In the records below, find the line with "CNRS formation standard" and repeat exactly every line from it through the line with "Маша и Медведь Тарелка". Pictures stay out.

### THE DATA
──────────

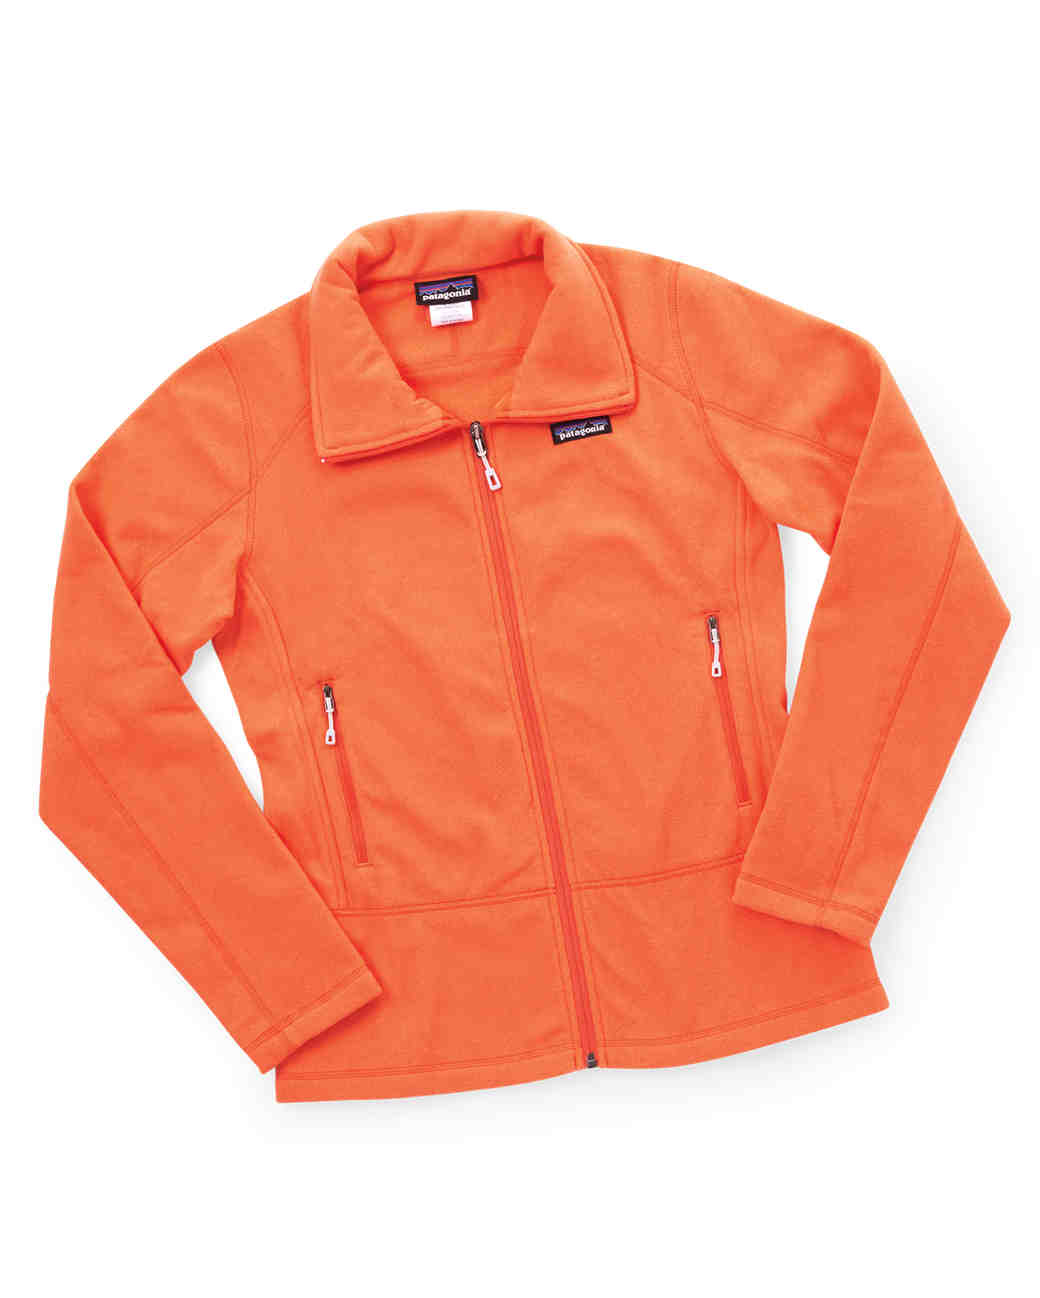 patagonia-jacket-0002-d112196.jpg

──────────

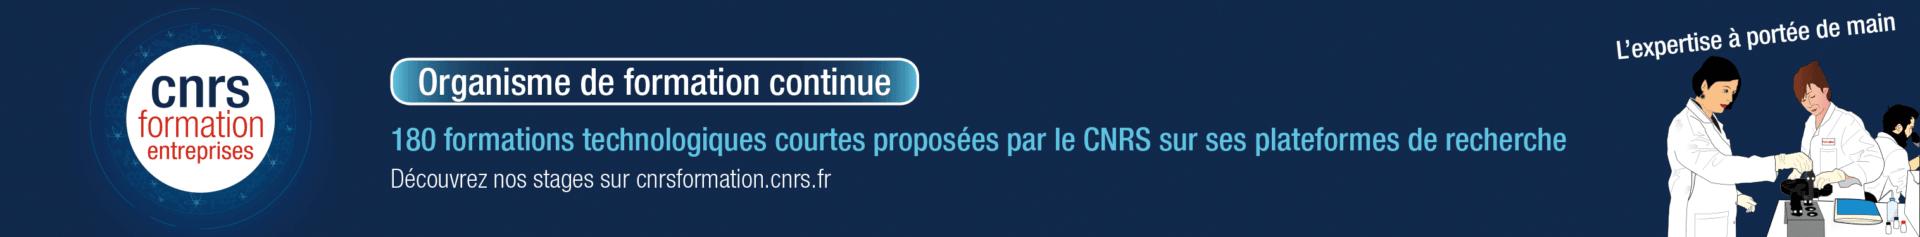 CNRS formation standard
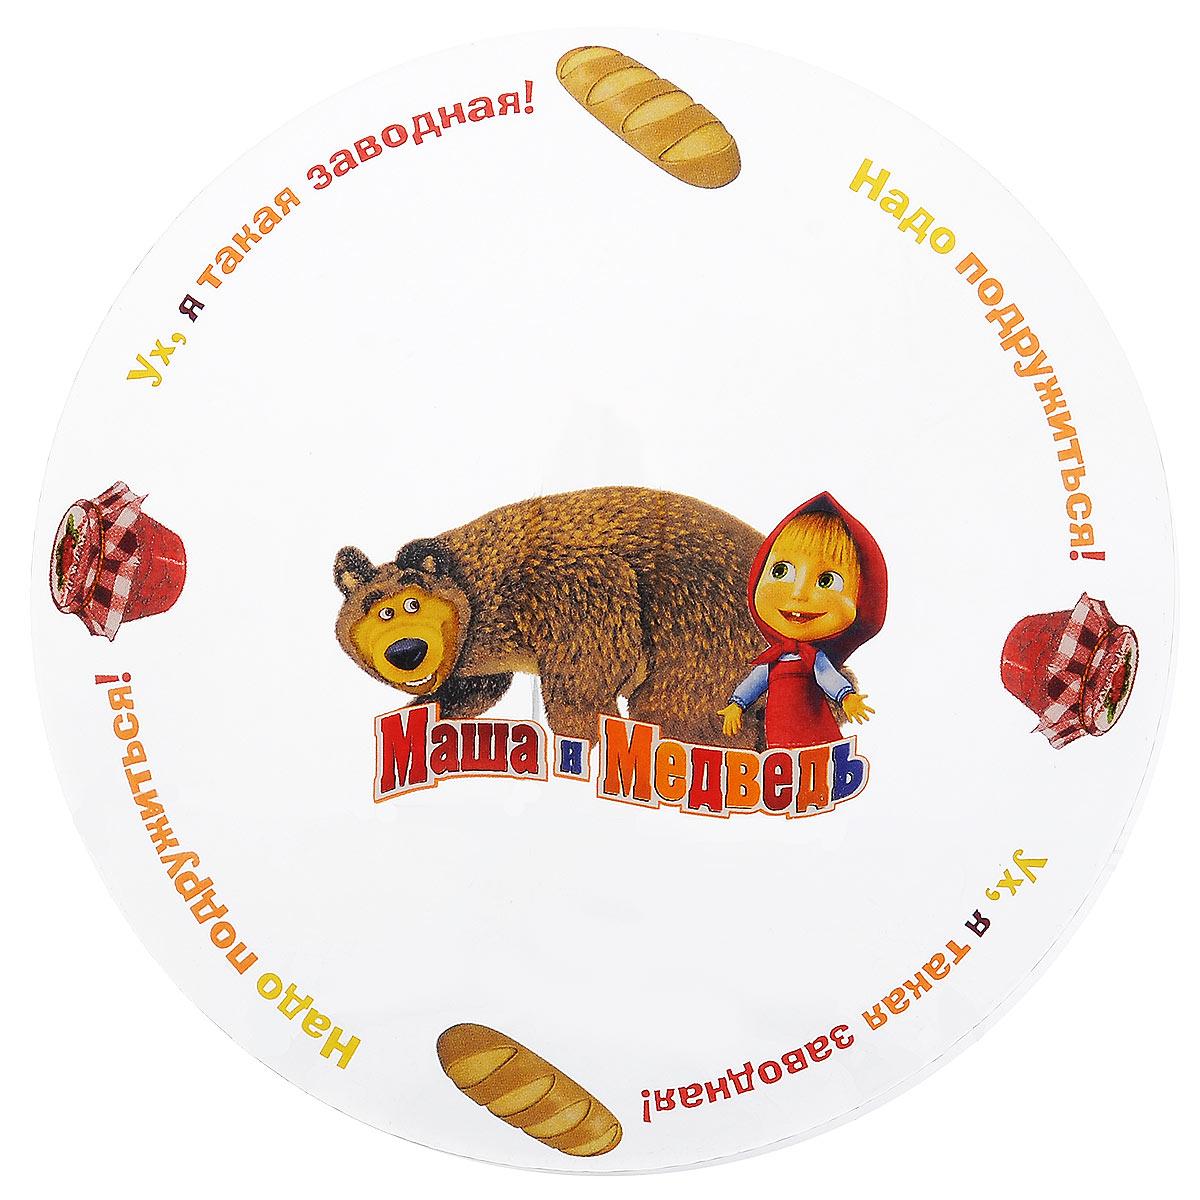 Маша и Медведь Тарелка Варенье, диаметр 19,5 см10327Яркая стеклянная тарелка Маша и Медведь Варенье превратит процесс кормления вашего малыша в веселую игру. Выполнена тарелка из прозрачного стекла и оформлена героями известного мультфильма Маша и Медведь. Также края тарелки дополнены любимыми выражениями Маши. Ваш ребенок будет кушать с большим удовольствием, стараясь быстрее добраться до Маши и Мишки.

──────────

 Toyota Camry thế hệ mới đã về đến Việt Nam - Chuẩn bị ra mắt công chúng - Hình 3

──────────

### SOLUTION BELOW
 CNRS formation standard
 Маша и Медведь Тарелка Варенье, диаметр 19,5 см10327Яркая стеклянная тарелка Маша и Медведь Варенье превратит процесс кормления вашего малыша в веселую игру. Выполнена тарелка из прозрачного стекла и оформлена героями известного мультфильма Маша и Медведь. Также края тарелки дополнены любимыми выражениями Маши. Ваш ребенок будет кушать с большим удовольствием, стараясь быстрее добраться до Маши и Мишки.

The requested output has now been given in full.